# timeless



## Lumac (Oct 14, 2014)

Here is my second participation. I didn't have a lot of C&C for the first one.

I took this picture close to jacksonville (talbot island) around 6:00pm. I had a filter (ND400) to get an exposure of 20sec, f/6.7 and iso 100.

What do you think?


----------



## TheMountainMan (Oct 14, 2014)

love it!


----------



## MichaelHenson (Oct 14, 2014)

Very cool!


----------



## ronlane (Oct 14, 2014)

I like it. I have a question though. What did the color version look like?


----------



## goooner (Oct 14, 2014)

Great shot. Working with ND filters is definitely a technique I want to learn.


----------



## Designer (Oct 14, 2014)

I think it's good.  Sorry about missing your first one.


----------



## Lumac (Oct 14, 2014)

Thanks all of you ^^

For the color version: here it is!


----------



## xzyragon (Oct 14, 2014)

The black and white is amazing!  Love how smooth everything is in contrast to the branch


----------



## sleist (Oct 15, 2014)

The mono is good. I think the color has more potential.
Needs to be played with in post though.


----------



## tirediron (Oct 15, 2014)

Very nice.


----------



## Derrel (Oct 15, 2014)

I prefer the color rendition myself. I always like me a good tree root ball!!! It's one of the classic subjects in beach photography. As far as the long exposure technique to smooth out the ocean water, I find that takes the character out of the water, and I find it makes almost all wave-modulated ocean water turn into just a flat, featureless plane. No matter what the waves looked like, the end result is the same....a horizon line, then a big monochrome plane, then the shoreline. I'm not a fan of ND filtration to flatten out ocean water.


----------



## BrickHouse (Oct 15, 2014)

Timeless is right! Love it!


----------



## Rick50 (Oct 15, 2014)

Like the color one btter. I agree with Derrel about the ND filter.


----------



## Lumac (Oct 16, 2014)

Thanks all of you for the comments. About the ND filter, I know it's always a huge topic : long exposure or not! Of course it was a choice when I took the picture, it was one of my very first long exposure and I agree I could have something with more character. ( like on this one: rocks and water | Photography Forum where I was able to keep waves and movement)

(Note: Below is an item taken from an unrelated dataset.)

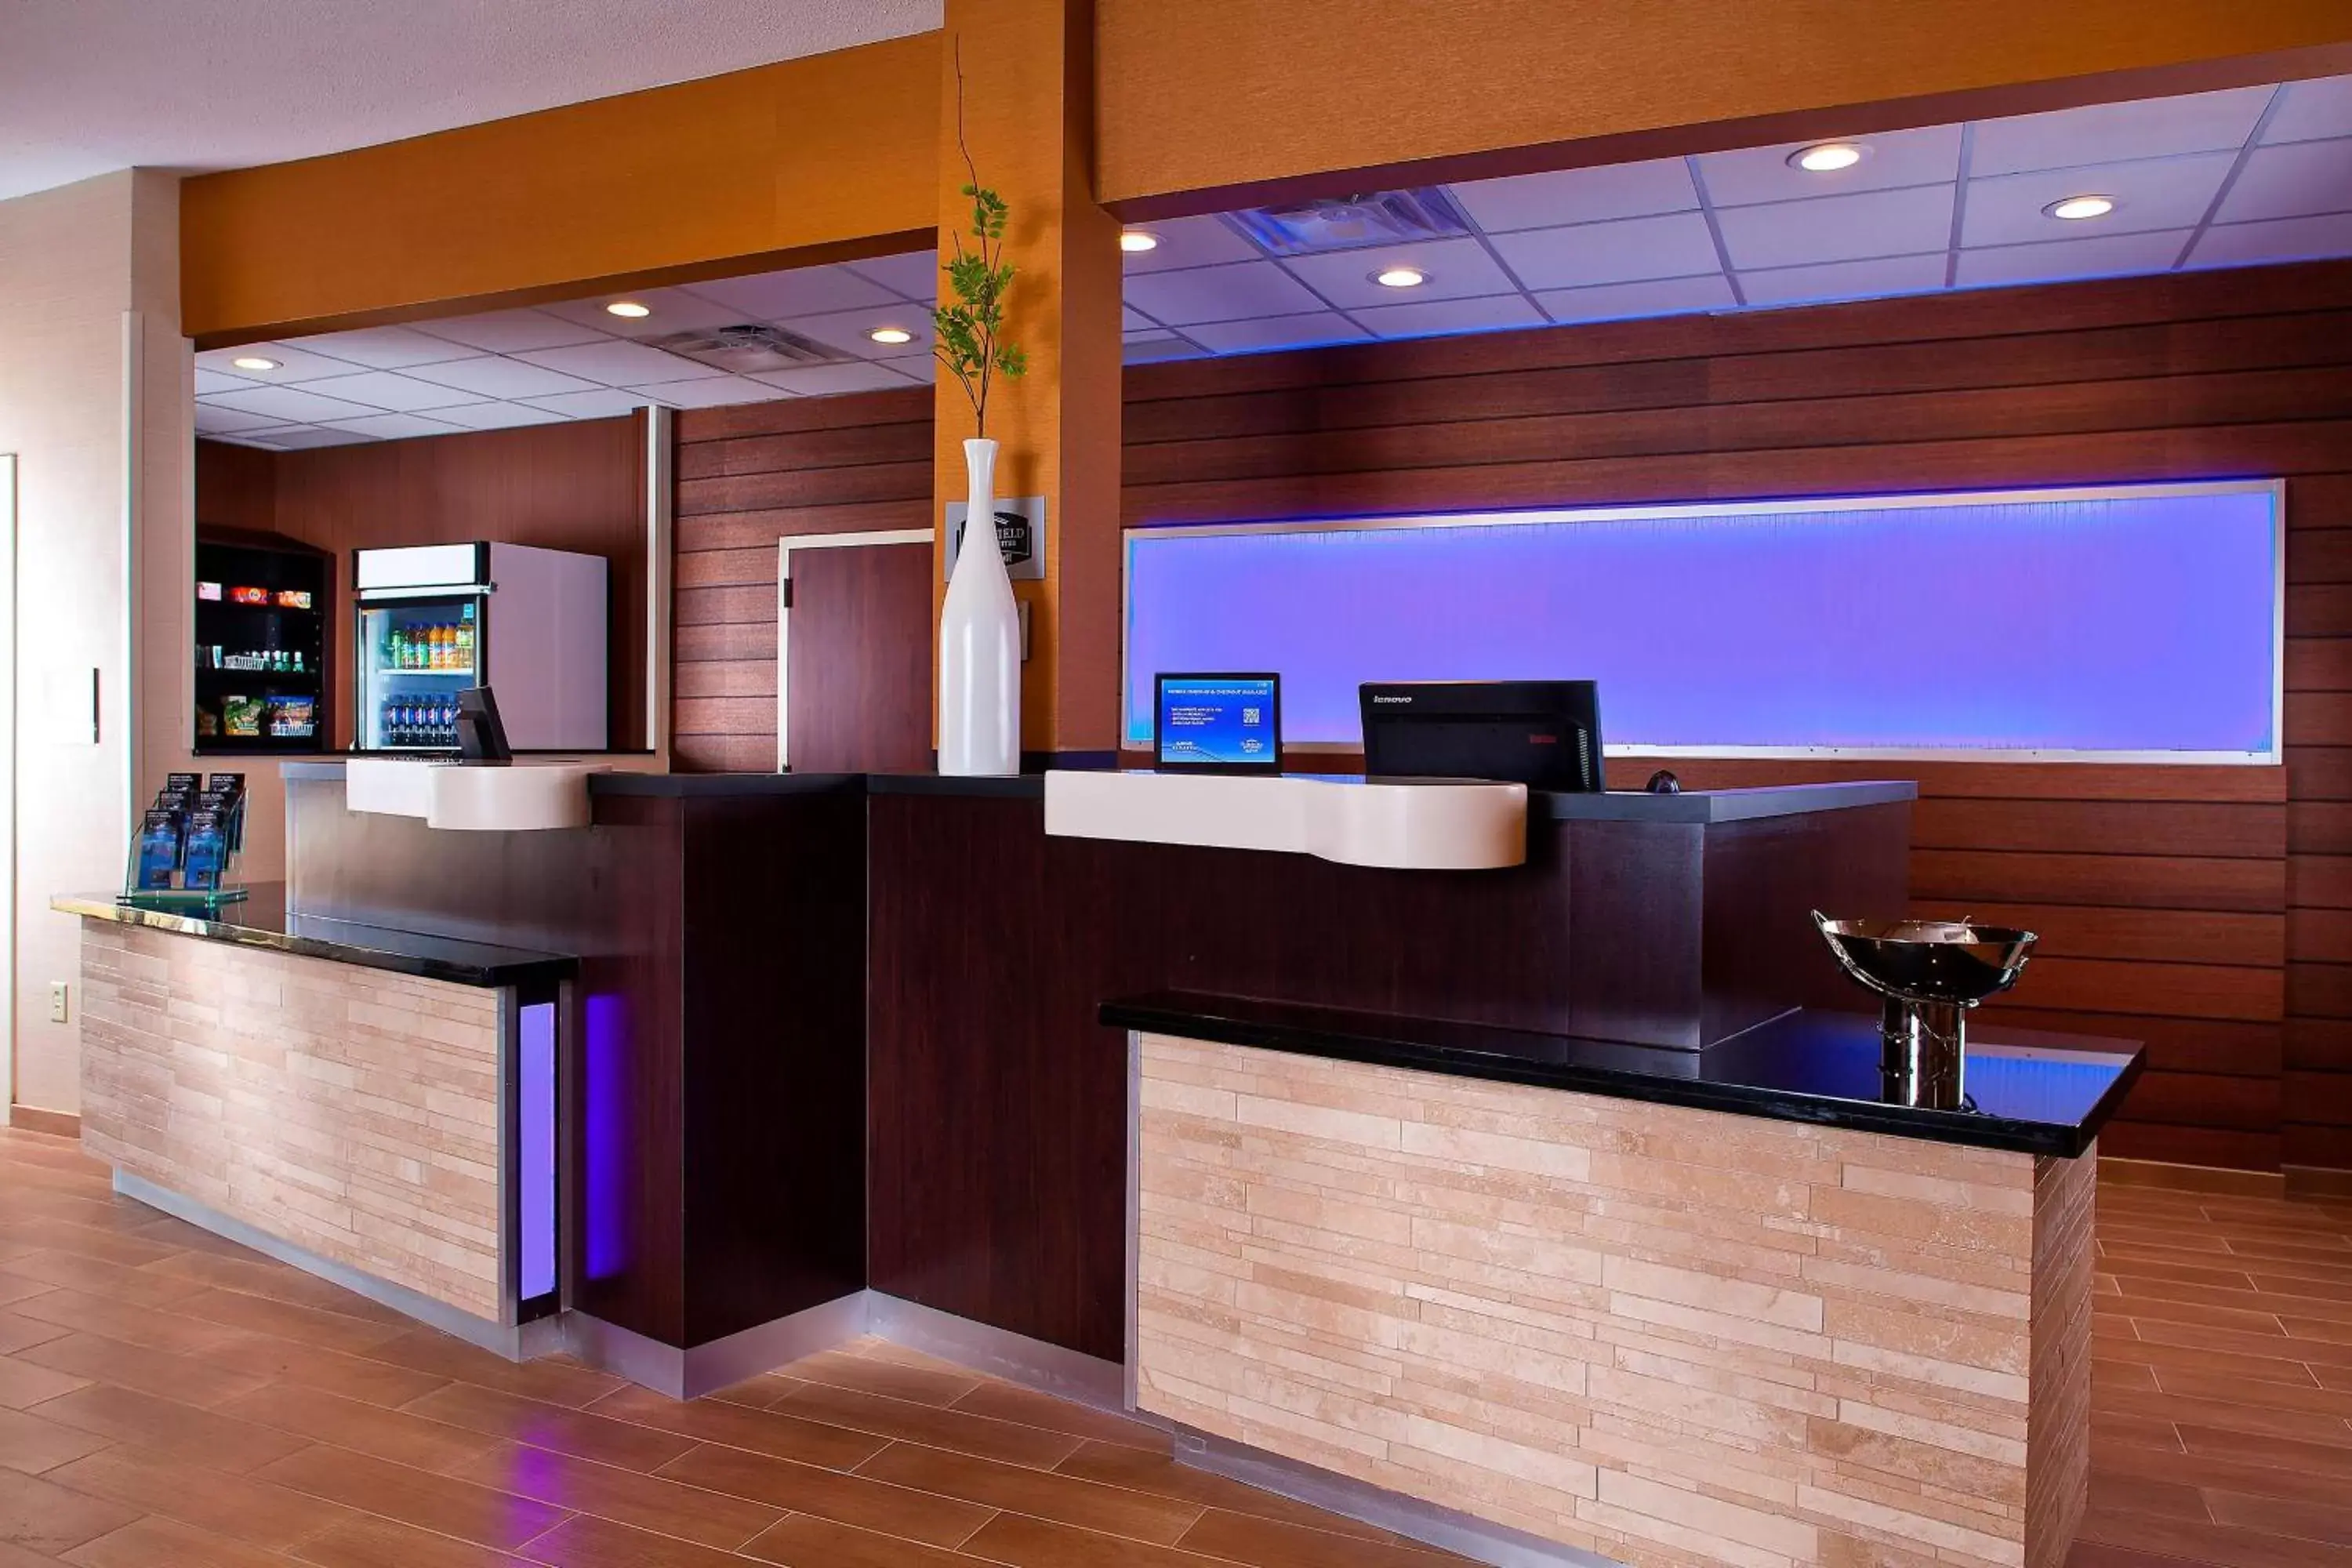 Lobby or reception, Lobby/Reception in Fairfield Inn & Suites Houston Hobby Airport

About the color, I though the result was to "artificial" and wasn't in the mood I was for the feeling I wanted to share. I had the feeling the B&W worked better for the idea of loneliness and timeless.

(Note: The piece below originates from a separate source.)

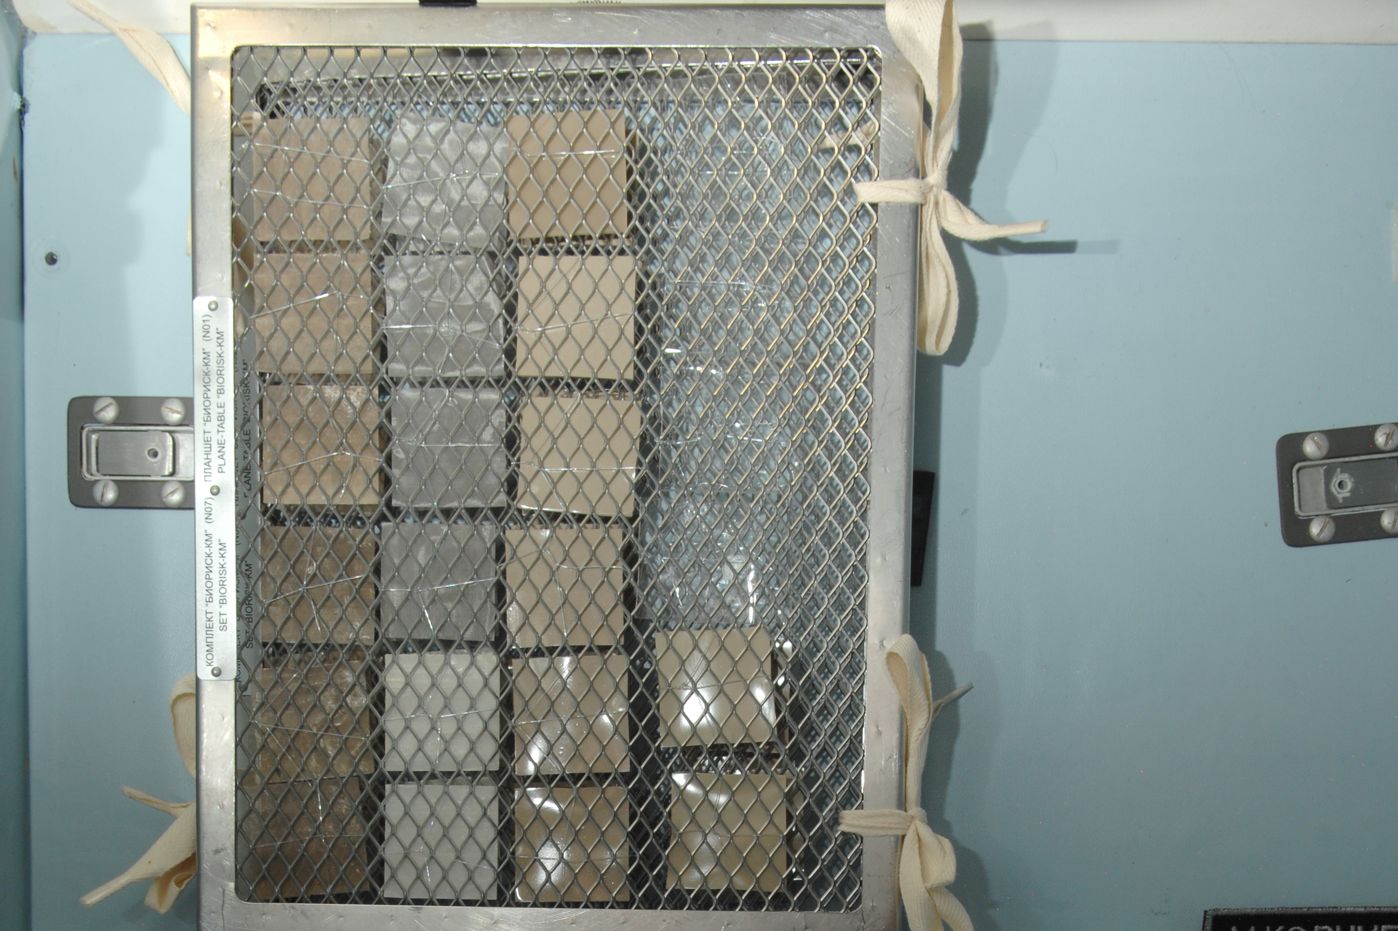 Testoberflächen mit und ohne antimikrobielle Beschichtung an der Toilettentür der ISS

I don't try to find excuses; I will go back to the spot and try a new shoot, taking into account your comments!


----------



## CameraClicker (Oct 16, 2014)

B&W works for graphic images.  Colour works for most things.  In your colour image, the sky is an odd shade, probably due to the filter.  ND filters are useful for smoothing water and removing crowds.  Smoothing water affects mood.  Sometimes that is appropriate.  Different people, different tastes.
I would like to see the image much larger, or much closer to the driftwood, or both.   Beach, water and sky are all just empty background.


----------



## Fred Berg (Oct 16, 2014)

I prefer the B&W.


----------



## D-B-J (Oct 17, 2014)

Excellent.  The black and white is subtle and beautiful.  Nice find!

Jake


----------



## Gary A. (Oct 17, 2014)

Nice.


----------



## jaharris1001 (Oct 19, 2014)

I like it ,, Ive been there myself,, great place !! I like the BW version much better then the color,, I use ND filters too and I also like the effect on the water,,a sstated its a personal preference sort of thing but for me it draws more attention to your subject which is the tree stump, the bw also take the attention away from the colors in the sky and lets you focus on "your subject" nicely done on this one


----------